The variability of the VLS may be used in the effect determination unit 204 to selectively determine effects and amount of the effects to be applied based on the confidence level indicated by the VLS, which is described herein as “selection.” The more likely that the audio signal includes a vocal signal (such as the higher the VLS) the more effects and/or the more aggressively the effects may be applied. Based on the VLS being provided, the effect determination unit 204 may generate the parameter identification and corresponding parameters as the effects setting signal that is provided to the effects application unit 208. The effects application unit 208 may use the parameter identification and corresponding parameters, as well as effect parameters provided on the effect parameters line 218 to dynamically and selectively apply at least one effect to the audio signal, which is then provided as a processed output signal on the output signal line 216.

FIG. 4 is block diagram of another example of the effect modification module 122 that provides vocal likelihood effect control using multiple vocal microphone inputs. In the example system there are two vocal input channels 106, a first vocal microphone input channel 106a and a second vocal microphone input channel 106b, that can be independently and separately altered using vocal effects processing. In other examples, any number of vocal input channels 106 may be included. For purposes of brevity, the following discussion will focus mainly on the differences with the previously discussed examples of the vocal processing system since the example of FIG. 4 may perform all or some of the capability previously discussed with reference to FIGS. 1-3.

In FIG. 4, the effect modification module 122 may independently determine the VLS score for each vocal microphone input channel 106a and 106b and selectively and dynamically alter the vocal effect(s) for each vocal microphone input signal separately and independently. Each of a first estimation unit 202a and a second estimation unit 202b may receive signals from the first and second vocal microphone input channels 106a and 106b. In a first mode of operation, each of the first estimation unit 202a and the second estimation unit 202b may calculate VLS using signals on the respective vocal microphone input channels 106a and 106b to determine if the respective audio signals are more or less likely to be vocal signals as previously discussed.

In a second mode of operation, in addition to the vocal signal likelihood determination of the first mode, the first and second estimation units 202a and 202b may use signals from both the first and second vocal microphone input channels 106a and 106b during calculation of VLS. In the second mode, the first and second estimation units 202a and 202b may also compare the signals on the vocal microphone input channels 106a and 106b to determine if the vocal microphone input channels 106a and 106b each contain a separate and independent vocal signal. Thus, if the signals on the vocal microphone input channels 106a and 106b are similar, the one of the first or second estimation units 202a or 202b with a higher energy signal on the corresponding vocal microphone input channel 106a or 106b may identify a higher likelihood of a vocal signal, while the other of the first or second estimation units 202a or 202b may identify a higher likelihood of background noise with VLS. This technique may be particularly useful when the microphones providing the vocal microphone input channels 106a and 106b are in close proximity to each other, such as when separated by 10 to 20 centimeters.

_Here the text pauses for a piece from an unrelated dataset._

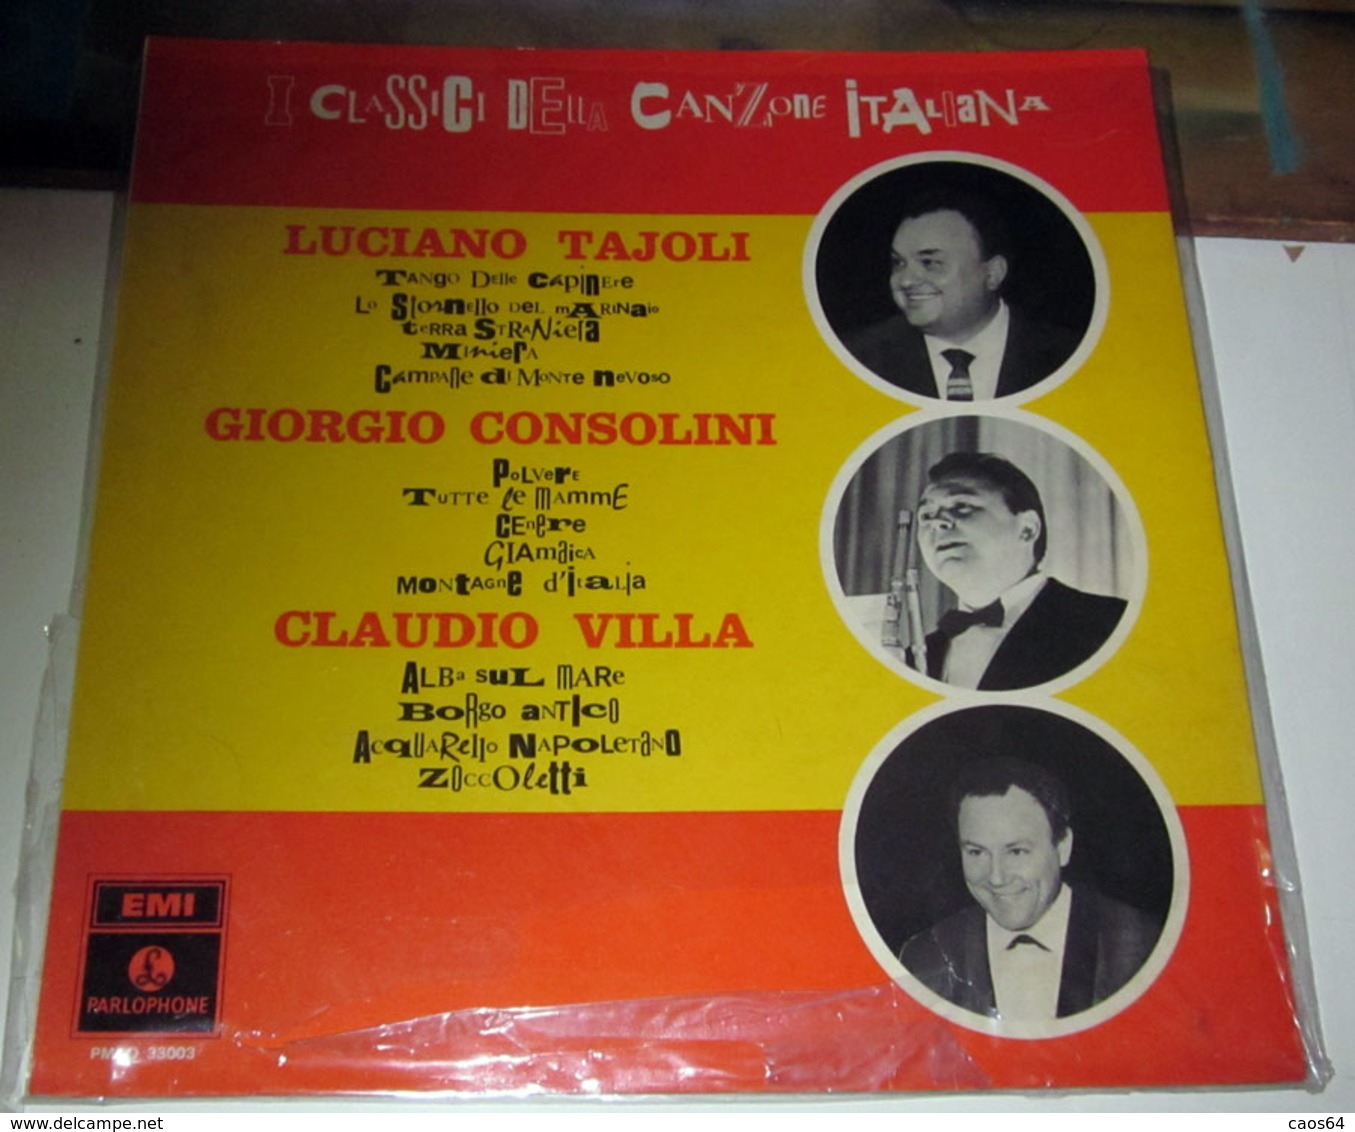 LUCIANO TAJOLI GIORGIO CONSOLINI CLAUDIO VILLA I CLASSICI DELLA CANZONE ITALIANA - Autres - Musique Italienne

In FIG. 4, the first and second estimation units 202a or 202b may separately and independently output VLS indications on first and second vocal indication lines 212a and 212b. First and second effect determination units 204a and 204b may separately and independently determine and output respective selections that may include effects setting signals on respective effects ID lines 214a and 214b. First and second effect application units 208a and 208b may receive the output effects and effect parameters (effects setting signals) on respective effects ID lines 214a and 214b, as well as possibly receiving separate and independent effect parameters on the effect parameters lines 218a and 218b. The first and second effect application units 208a and 208b may separately and independently apply effects to the respective audio signals on the first and second vocal microphone channels 106a and 106b, and output respective first and second processed output audio signals on the output process signal lines 216a and 216b.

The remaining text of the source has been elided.